W2v-BERT 2.0 speech encoder

We are open-sourcing our Conformer-based W2v-BERT 2.0 speech encoder as described in Section 4.1 of the paper, which is at the core of our Seamless models.

This model was pre-trained on 4.5M hours of unlabeled audio data covering more than 143 languages. It requires finetuning to be used for downstream tasks such as Automatic Speech Recognition (ASR), or Audio Classification.

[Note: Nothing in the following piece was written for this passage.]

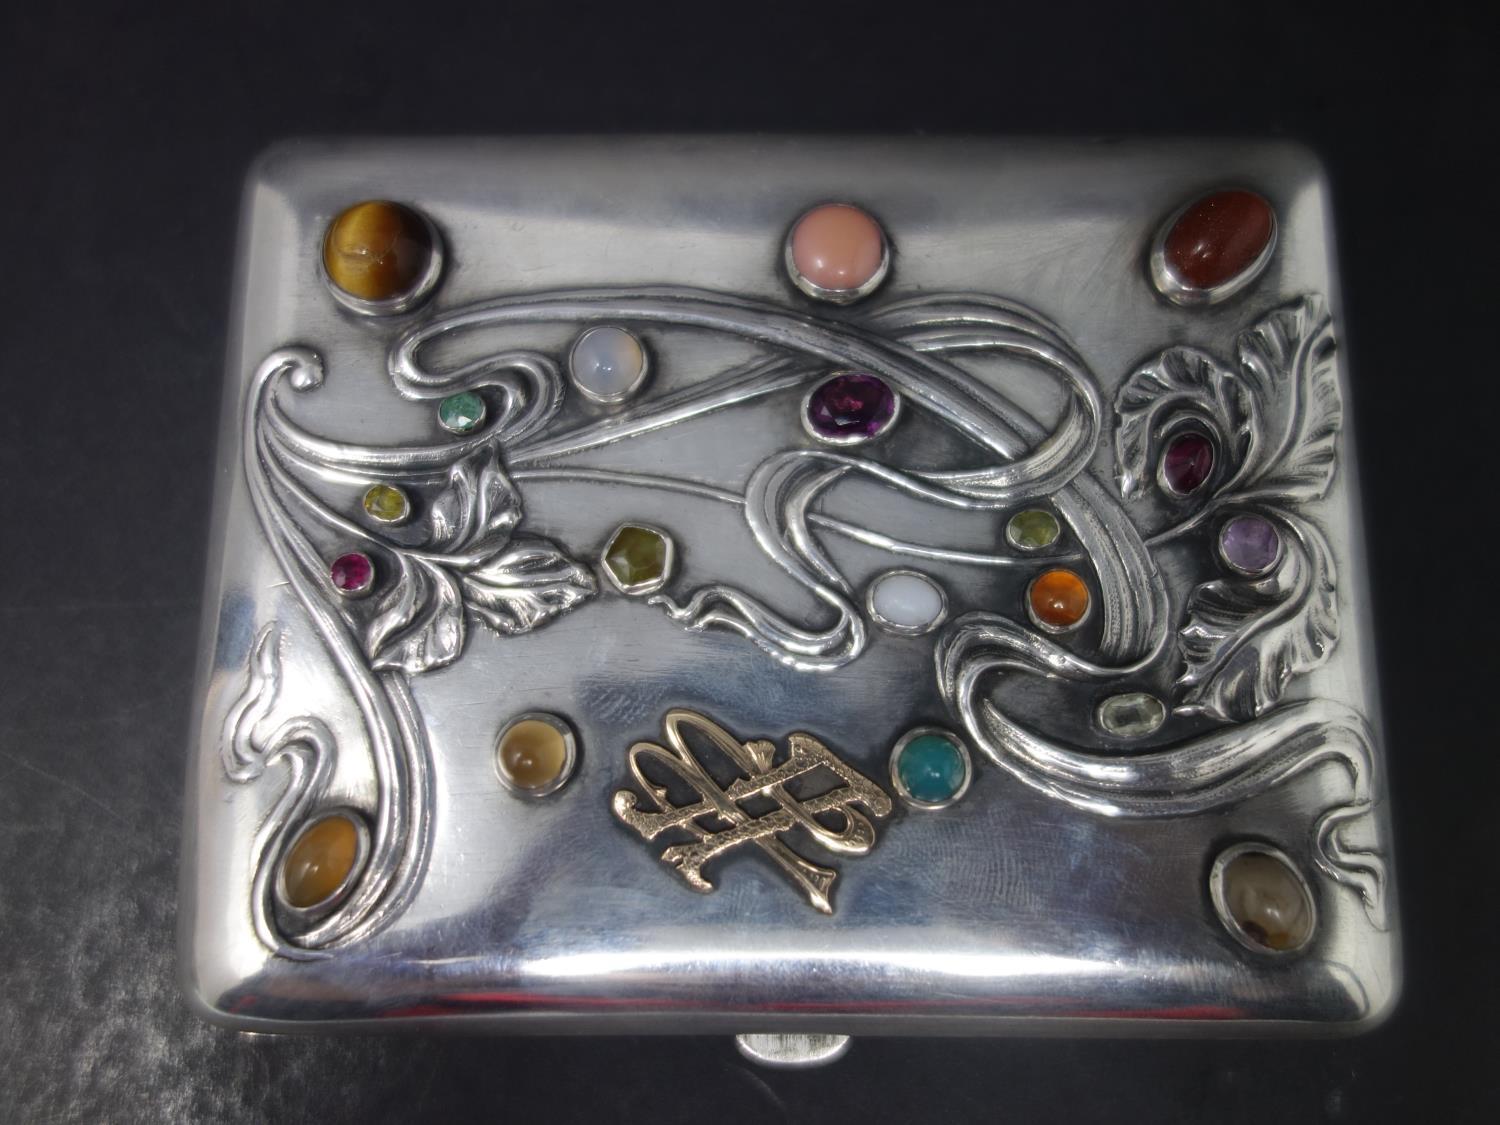 A 19th century Russian silver cigarette case, set with semi-precious and precious stones, to include

Model Name #params checkpoint
W2v-BERT 2.0 600M checkpoint

This model and its training are supported by 🤗 Transformers, more on it in the docs.

🤗 Transformers usage

This is a bare checkpoint without any modeling head, and thus requires finetuning to be used for downstream tasks such as ASR. You can however use it to extract audio embeddings from the top layer with this code snippet:

from transformers import AutoFeatureExtractor, Wav2Vec2BertModel
import torch
from datasets import load_dataset

dataset = load_dataset("hf-internal-testing/librispeech_asr_demo", "clean", split="validation")
dataset = dataset.sort("id")
sampling_rate = dataset.features["audio"].sampling_rate

processor = AutoProcessor.from_pretrained("facebook/w2v-bert-2.0")
model = Wav2Vec2BertModel.from_pretrained("facebook/w2v-bert-2.0")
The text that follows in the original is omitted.